I think my overall understanding of the situation, and how DO work is better now. When I posted the previous comment I had not tried actually done a DO push to the BIG-IP directly at that time, so no DO was actually installed on the BIG-IP.

The BIG-IQ version was correctly as/is 1.21.0

Now that I have been performing more tests I have successful DO pushes directly to BIG-IP (with DO installed) as well as to BIG-IP (that do not have DO) through the BIG-IQ (which still has DO 1.21.0) and I have been seeing success.

It seems that the only failures I was having were when I am using the BIG-IQ built-in On-boarding page. I will be performing a few more tests to see if those issues are still occurring as I recall they did before, but I don't see why they would not still be occurring, even with my misunderstanding of how/where DO executed the failures were reproducible previously. Then again sure why that would fail if everything else is working so I will be retesting be sure.

My question is, when you ask am I seeing the issue with DO 1.27.0 , do you know how can I upgrade the DO instance on the BIG-IQ? The URL/RPM install/update process I used on the BIG-IP doesn't appear to be working. Or can you only upgrade DO on BIG-IQ with system upgrades? If so I didn't see any newer versions of BIG-IQ out yet so I'm not sure that I could.

samualblair avatar Feb 03 '22 21:02 samualblair

@dstokesf5

UPDATE: OK, update and Correction to my last comment. I am not crazy, just a little careless in my assumptions, DO is in failing on the BIG-IQ GUI management as well as with BIG-IQ DO REST calls from my workstation.

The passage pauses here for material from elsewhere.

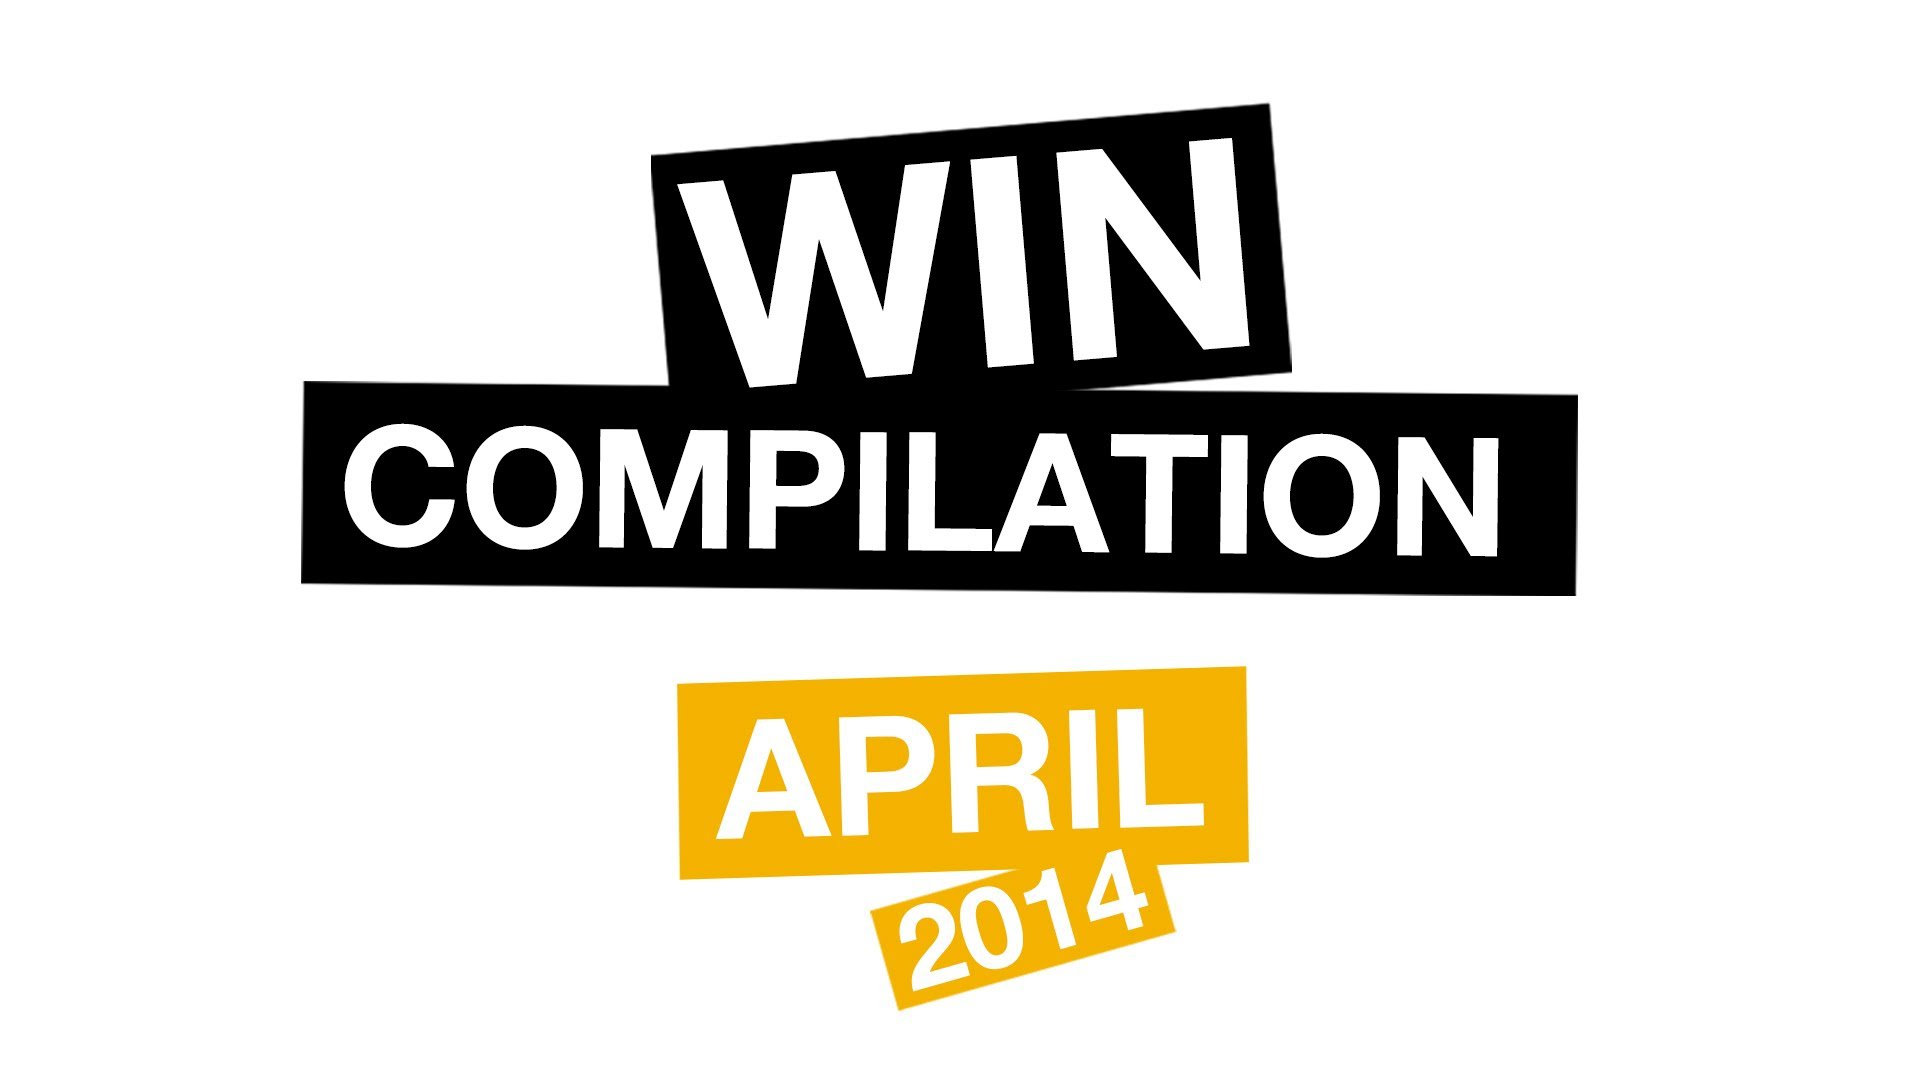 WIN Compilation April 2014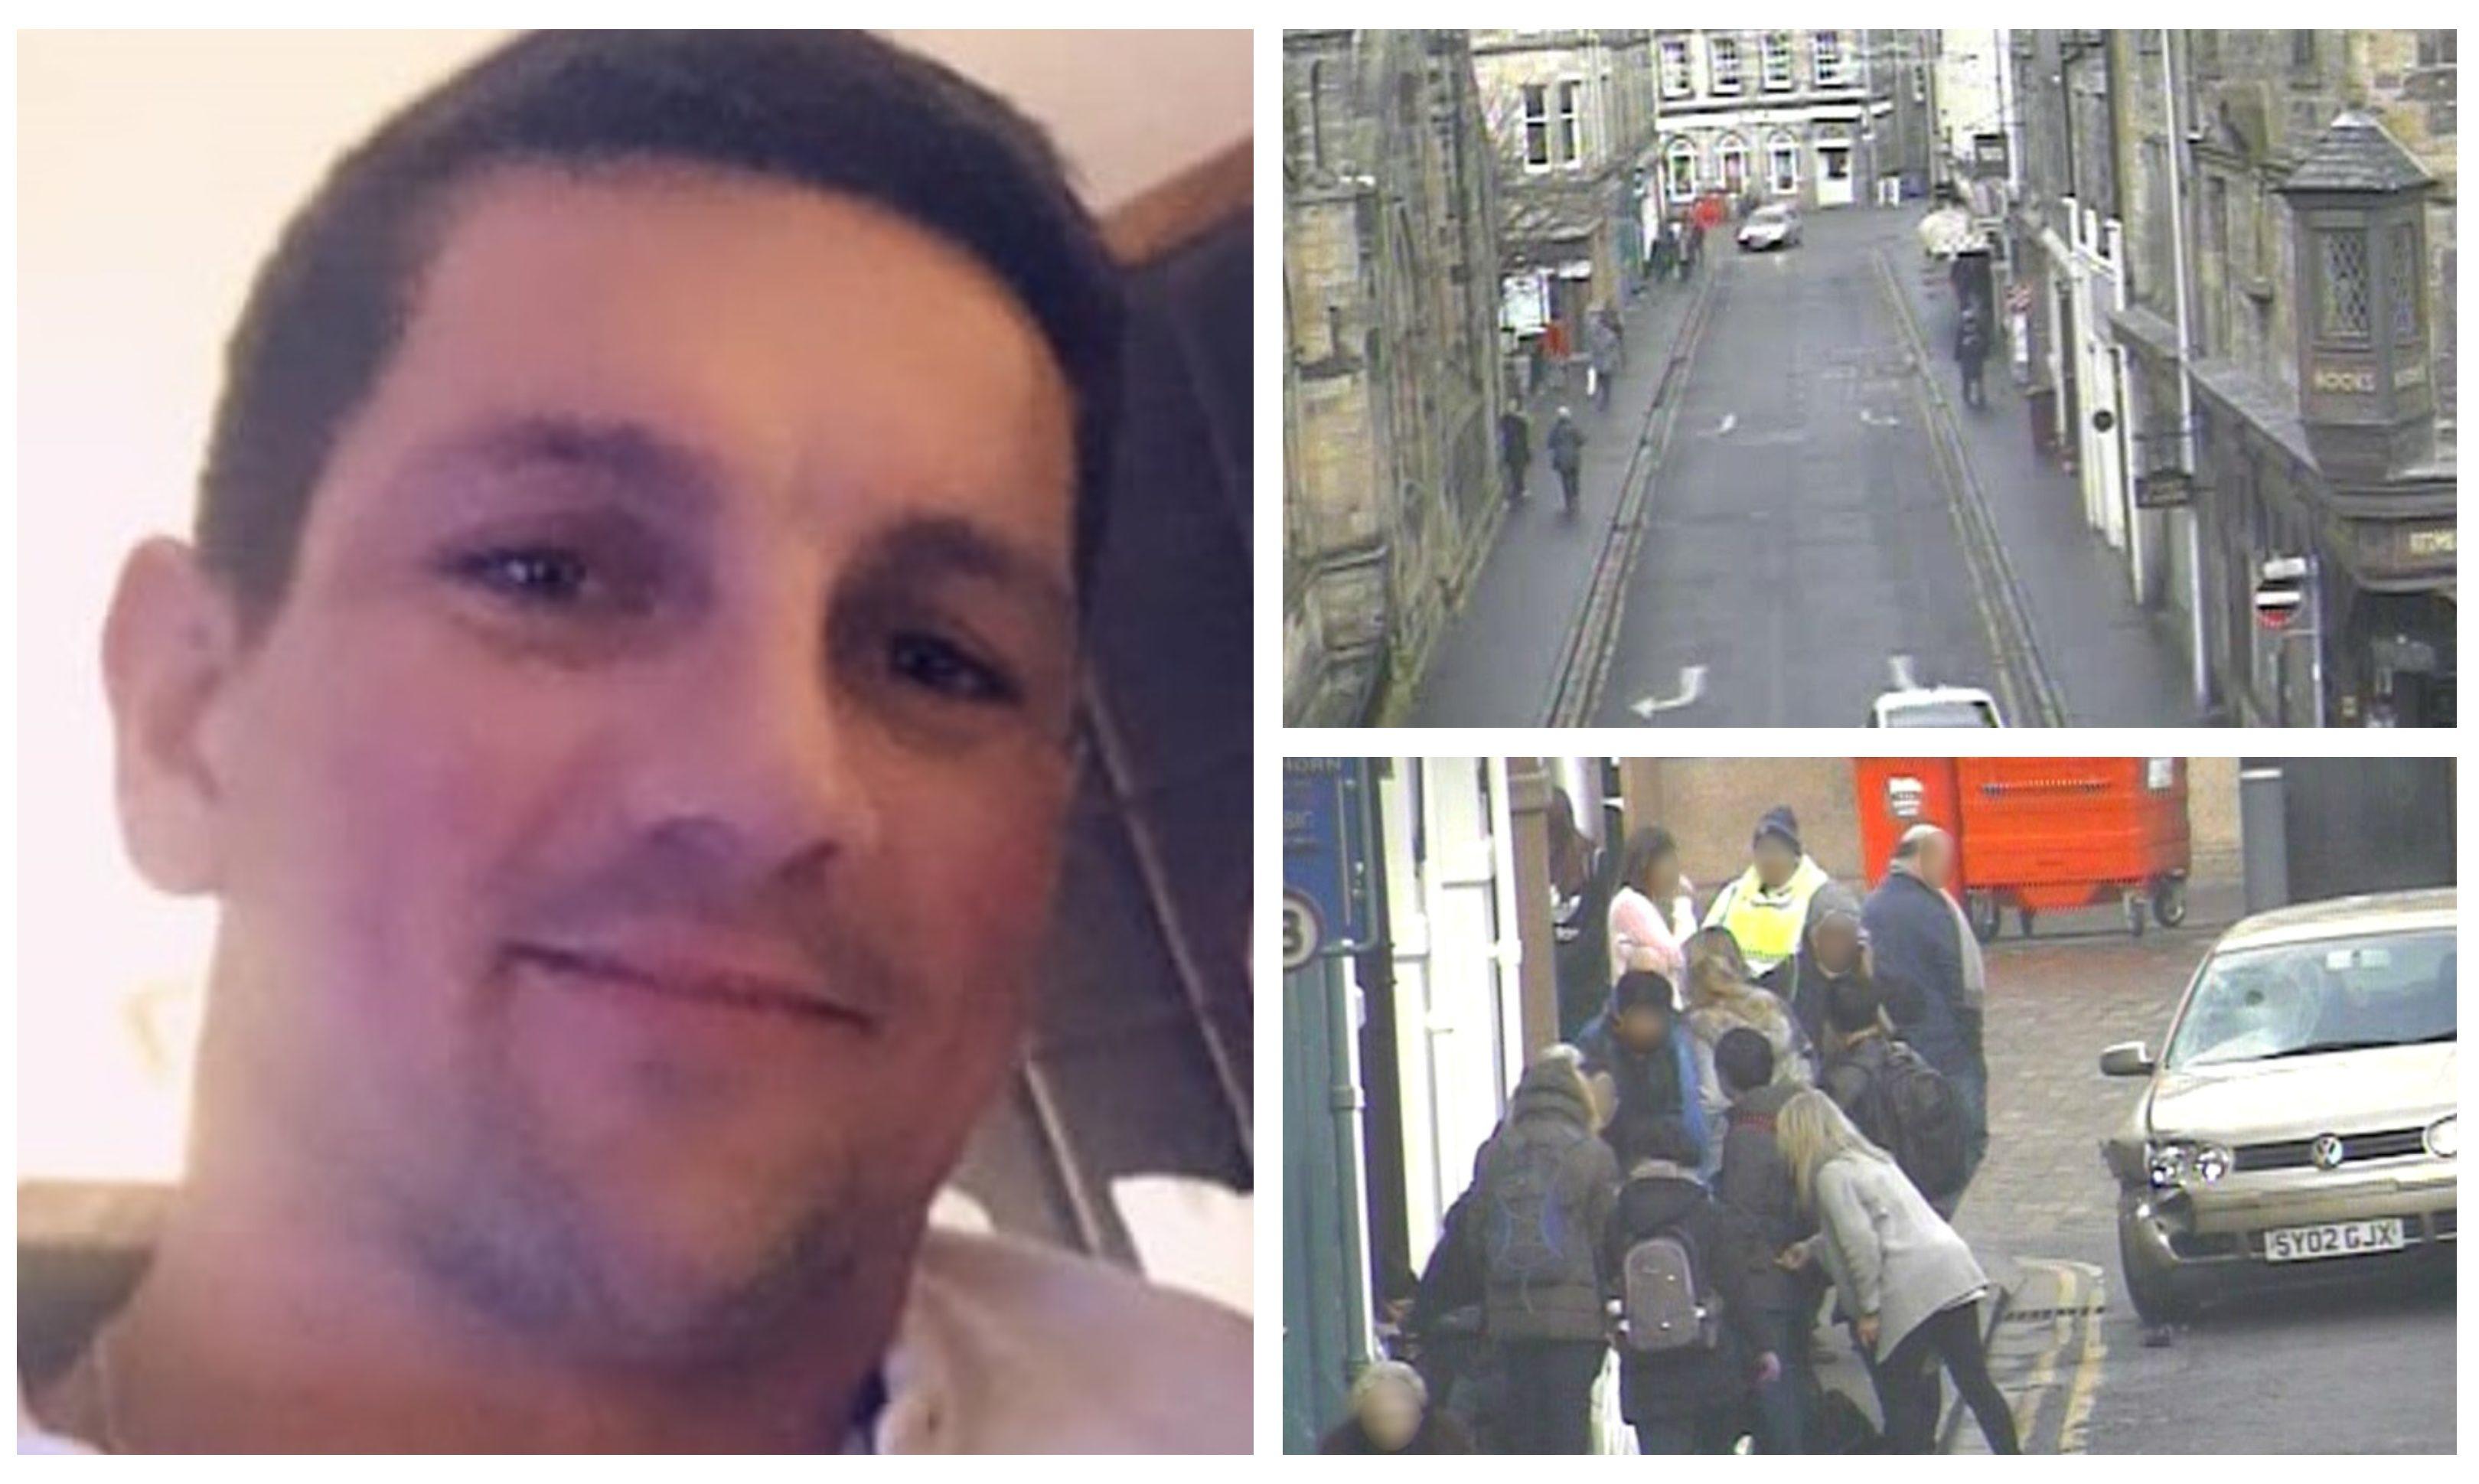 Edward Kolakovic drove into the group on St Andrews' Market Street.

It looks like my DO pushes through the BIG-IQ (using REST calls) were actually failing, spending to much time on this I got excited and thought this was all working but it wasn't. I caught on after a while that the cm status was still 'standalone' (I know I should have seen this earlier). Anyway it was hanging and working on a very, very, slow timeout before rolling back.

So when I push directly to 2x BIG-IP running DO 1.27.0, this works as expected.

When I push to BIG-IQ DO (to configure 2x BIG-IP) this fails, similar to when I craft/push through the BIG-IQ GUI management. This at least makes a lot more sense in my mind.

Back to my question then, is there a process to upgrade BIG-IQ DO version you can point me to? If so I will gladly upgrade BIG-IQ and test with DO 1.27.0

samualblair avatar Feb 03 '22 21:02 samualblair

@dstokesf5

The specific failure that I am seeing logged, after all the timeouts, is:

[ "tryUntil: max tries reached: tryUntil: max tries reached: 01020036:3: The requested device group (/Common/myDeviceGroup-HA) was not found.", "unicastAddresses.map is not a function" ]

Looking through bugs it seems that this is more likely caused by issue 199: https://github.com/F5Networks/f5-declarative-onboarding/issues/199

Possibly even issue 201 (although looks from my perspective to be same underlying issue): https://github.com/F5Networks/f5-declarative-onboarding/issues/201

To be clear I am not using any IPv6 in my declarations (now at least) but the device does have v4 and v6 on mgmt. My management is in fact receiving/has IPv4 and IPv6 addresses (via DHCP & SLAAC) prior to the initial DO push. In either of those cases it should have been resolved in DO 1.22 , but the BIG-IQ is still running 1.21

I will try to statically assign only v4, and then see if pushes are working as expected.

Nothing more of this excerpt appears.